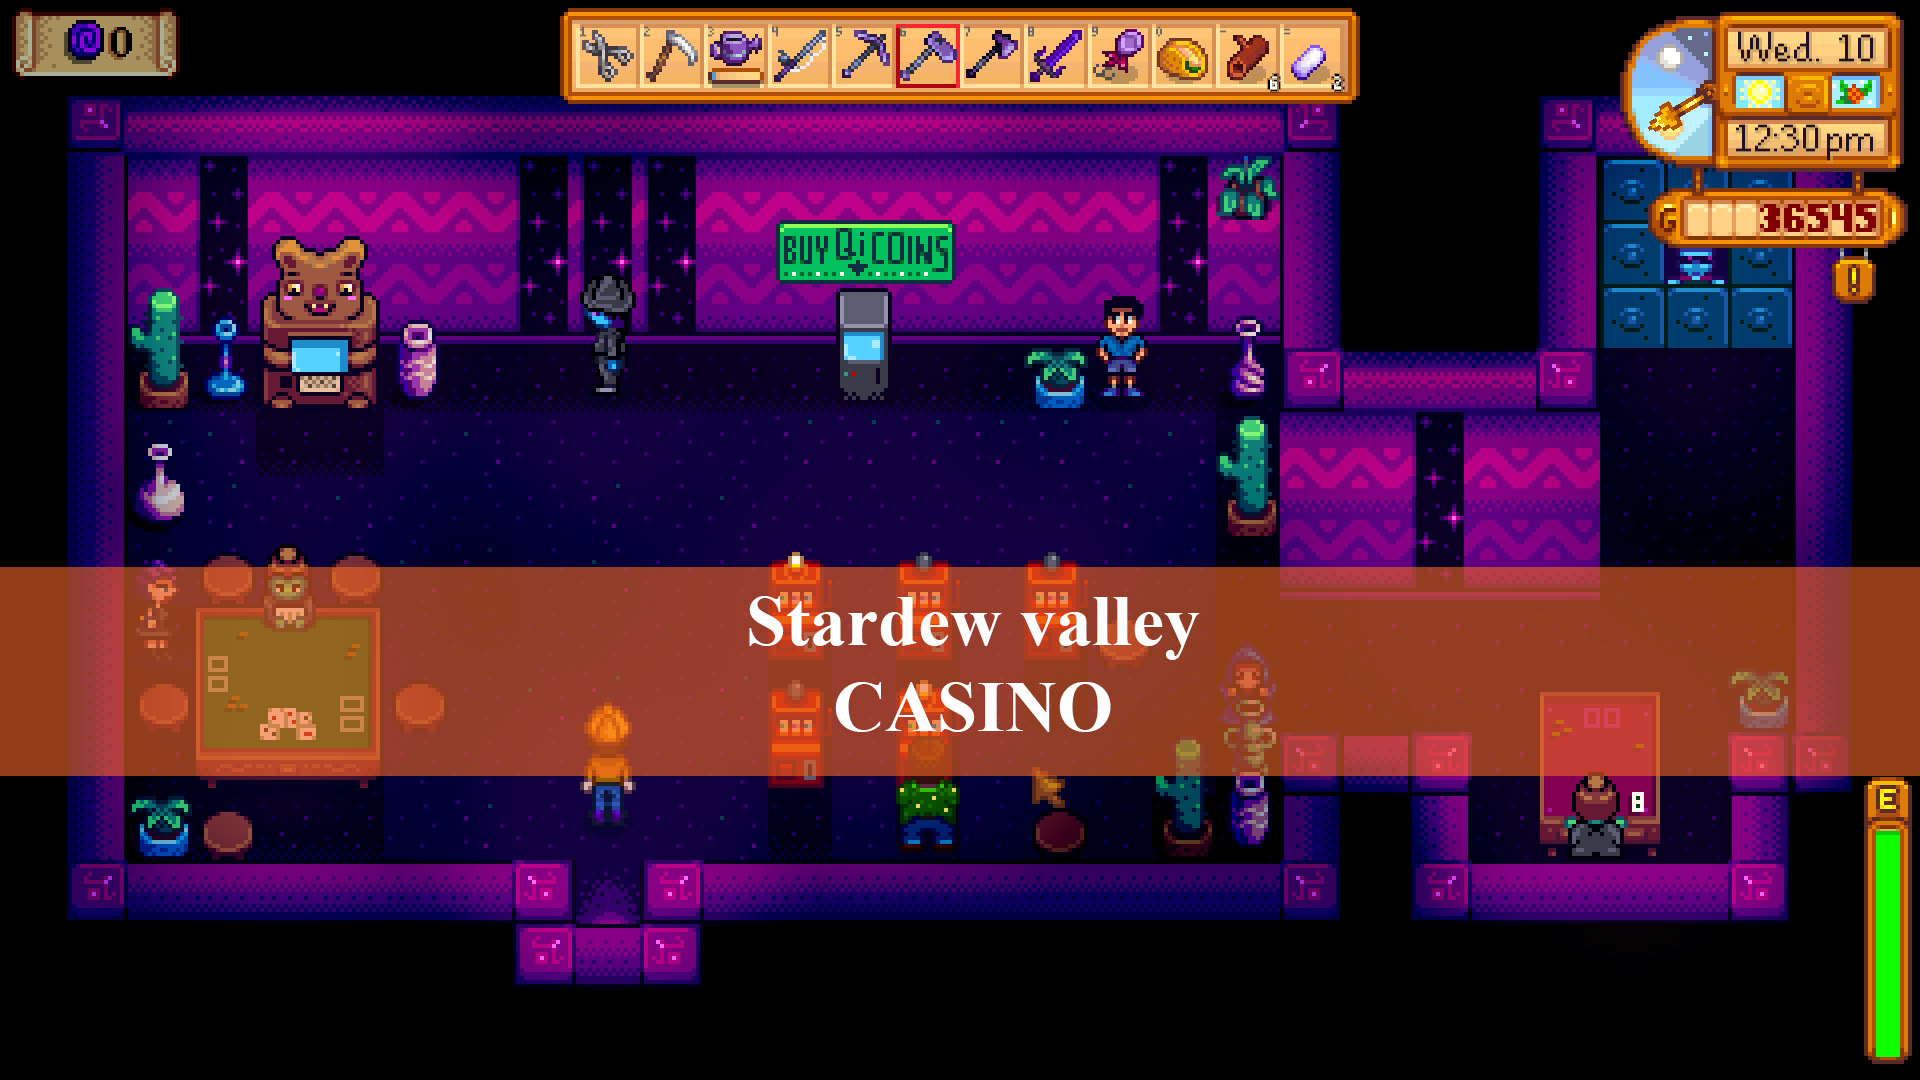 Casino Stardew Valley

_ _ _ _ _

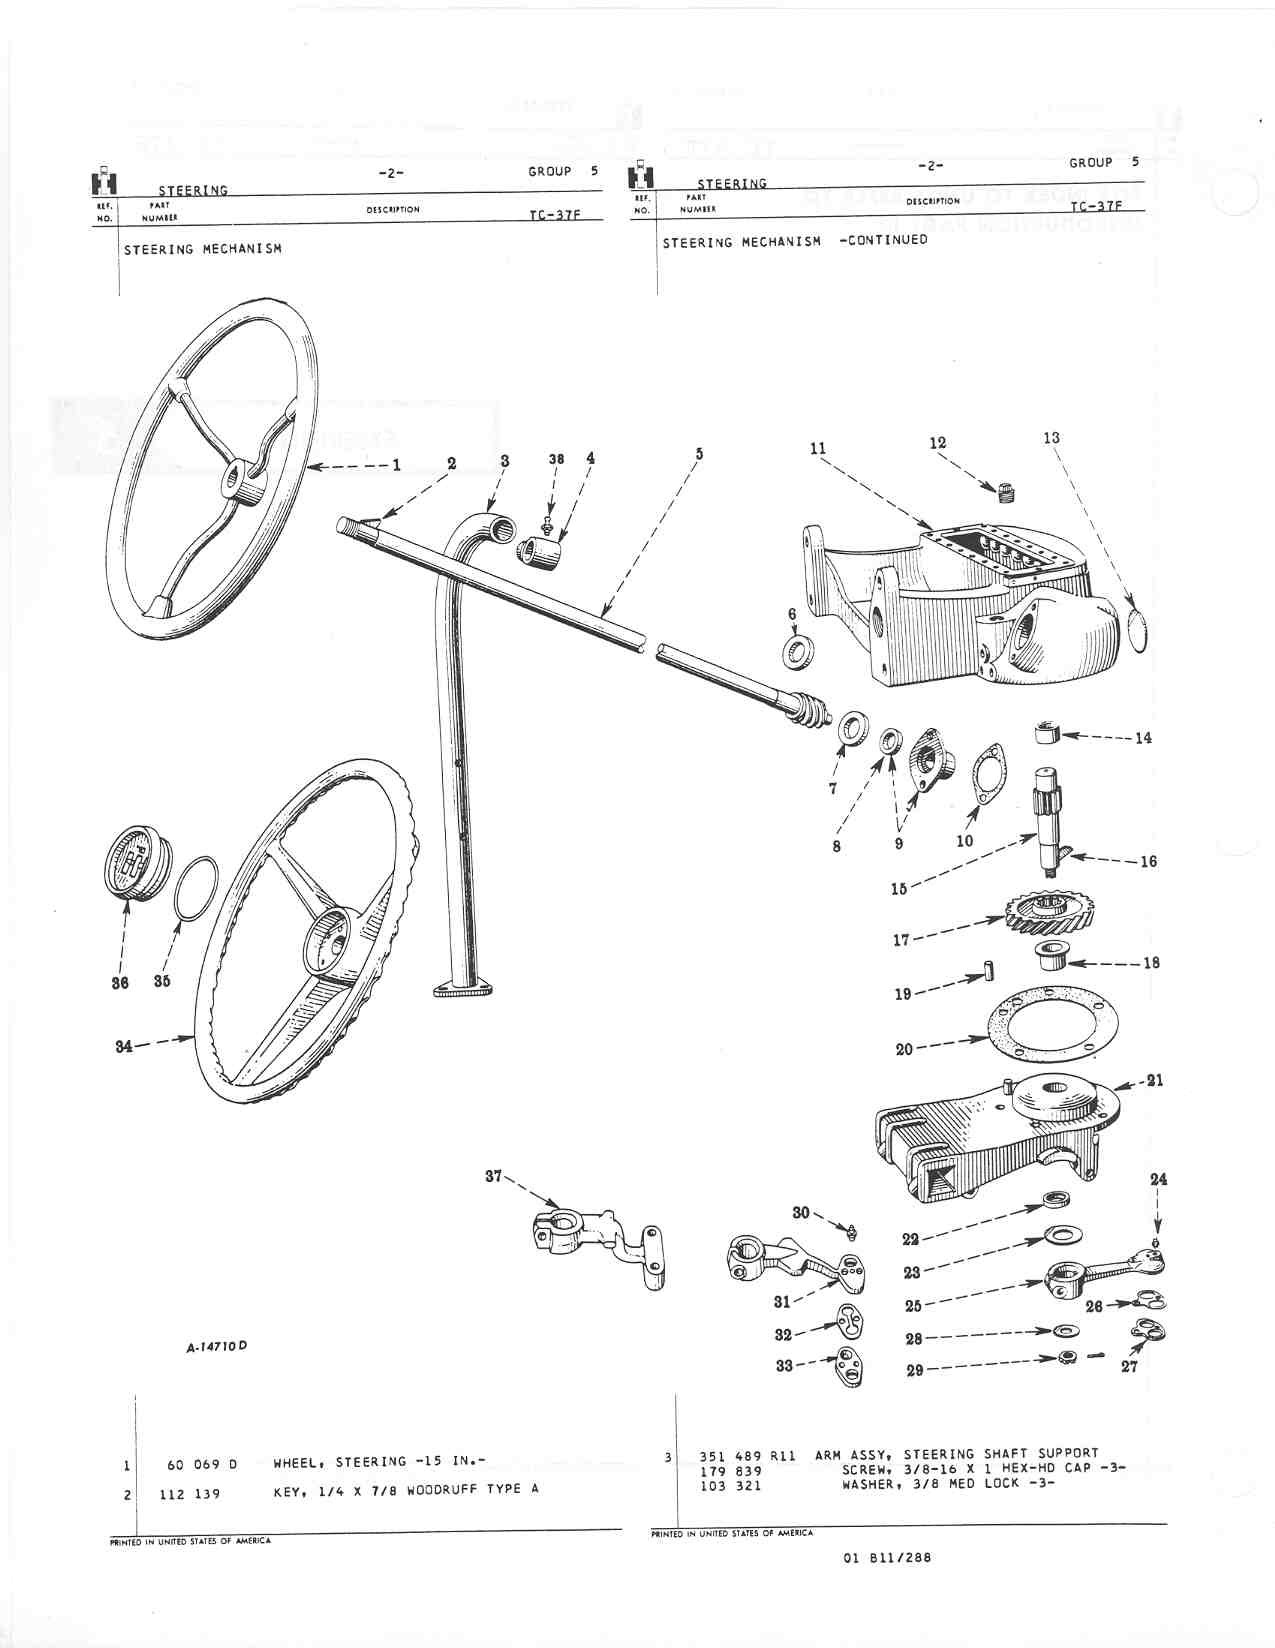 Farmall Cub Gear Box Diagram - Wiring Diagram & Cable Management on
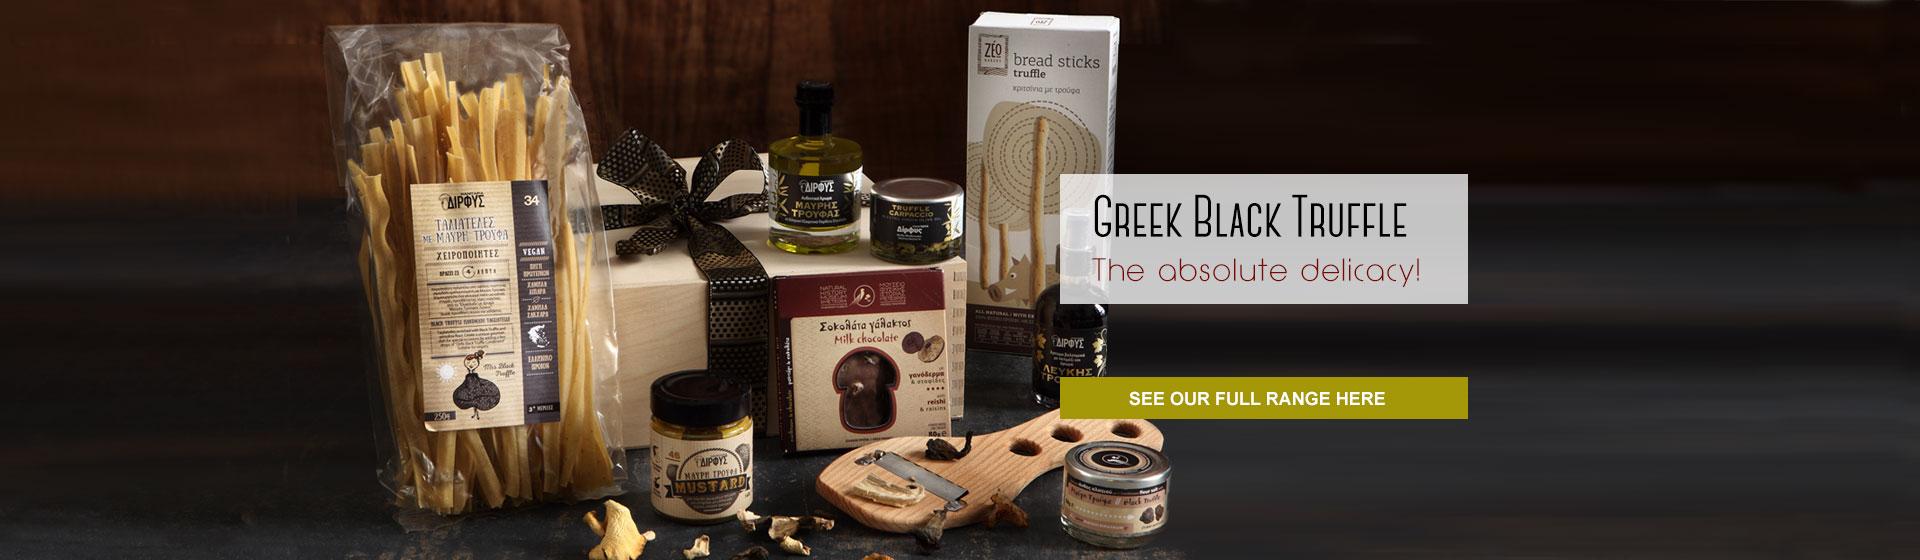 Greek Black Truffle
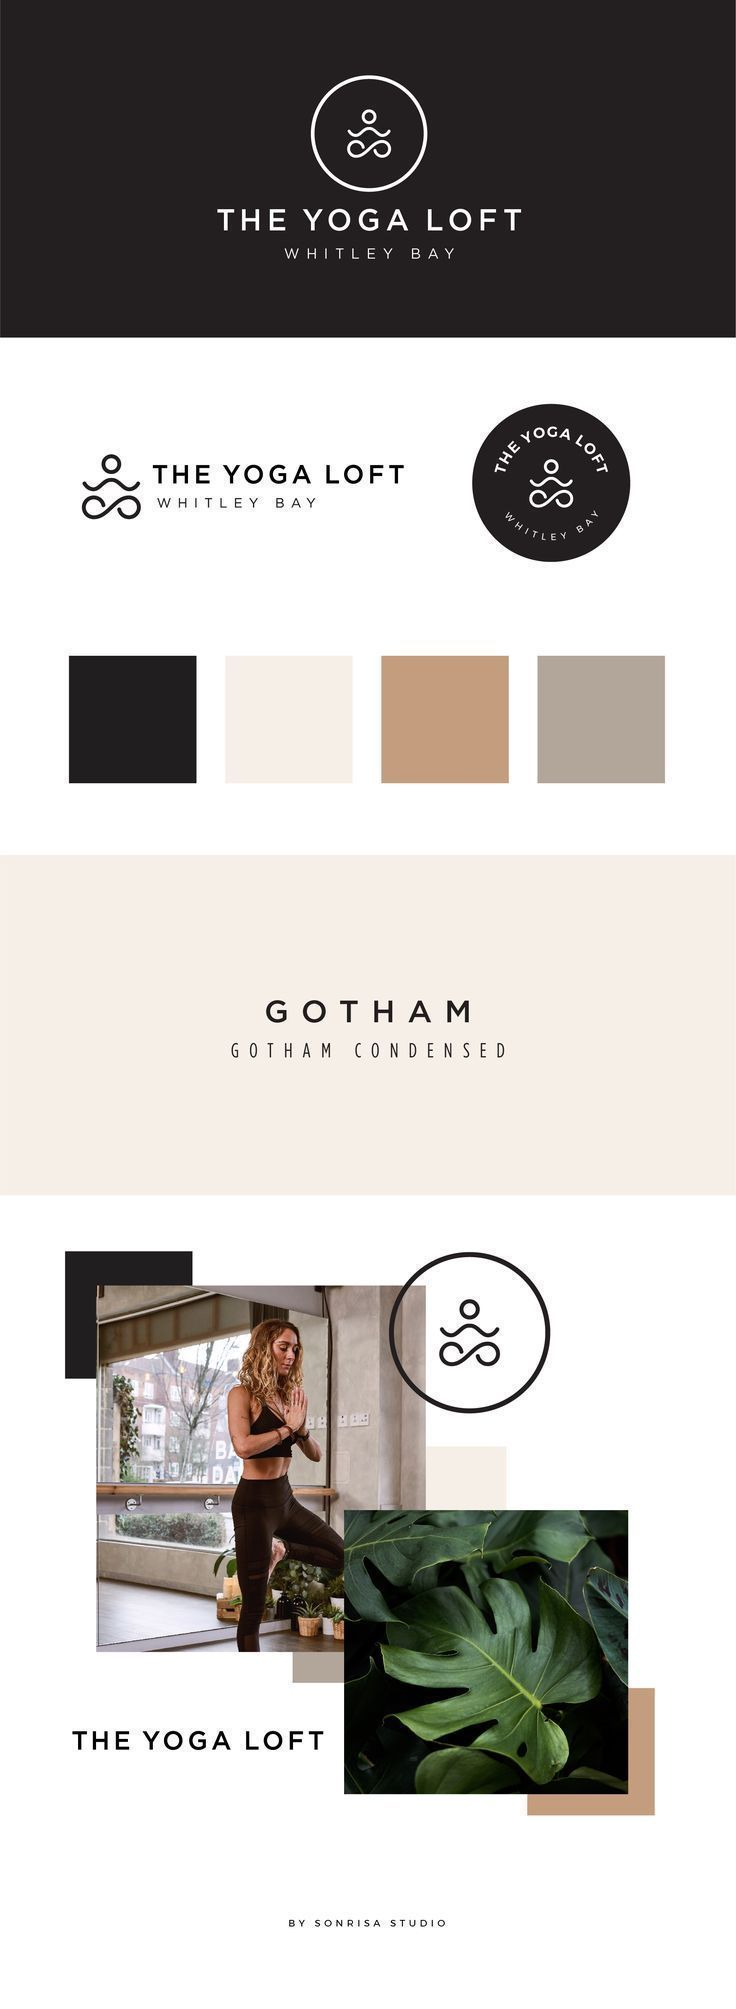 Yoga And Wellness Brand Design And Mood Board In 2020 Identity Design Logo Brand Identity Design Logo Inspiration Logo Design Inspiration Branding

_ _ _ _ _

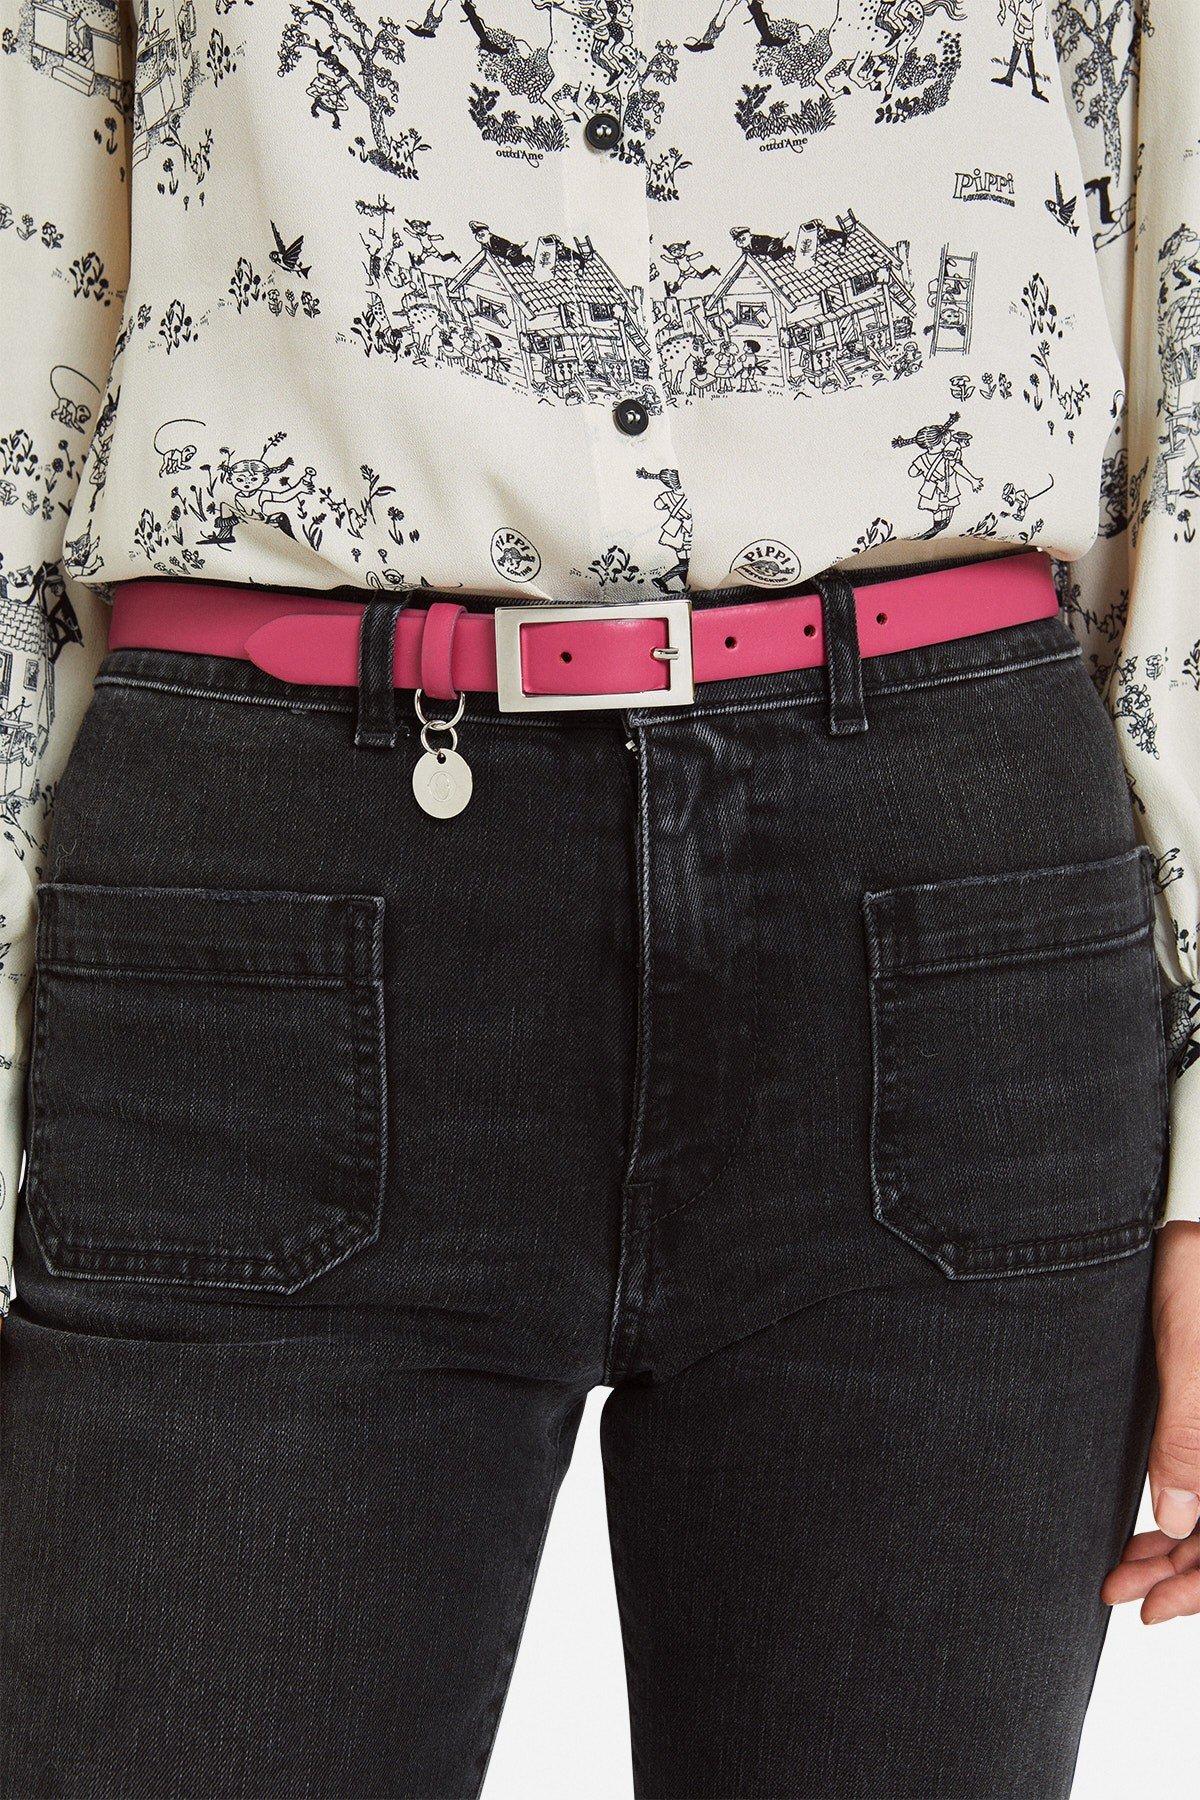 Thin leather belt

_ _ _ _ _

When you reach the line containing "Greek Black Truffle" in the entries above, begin restating word for word, and stop once the line containing "Yoga And Wellness" has been given. Omit the pictures.

 Greek Black Truffle
 Yoga And Wellness Brand Design And Mood Board In 2020 Identity Design Logo Brand Identity Design Logo Inspiration Logo Design Inspiration Branding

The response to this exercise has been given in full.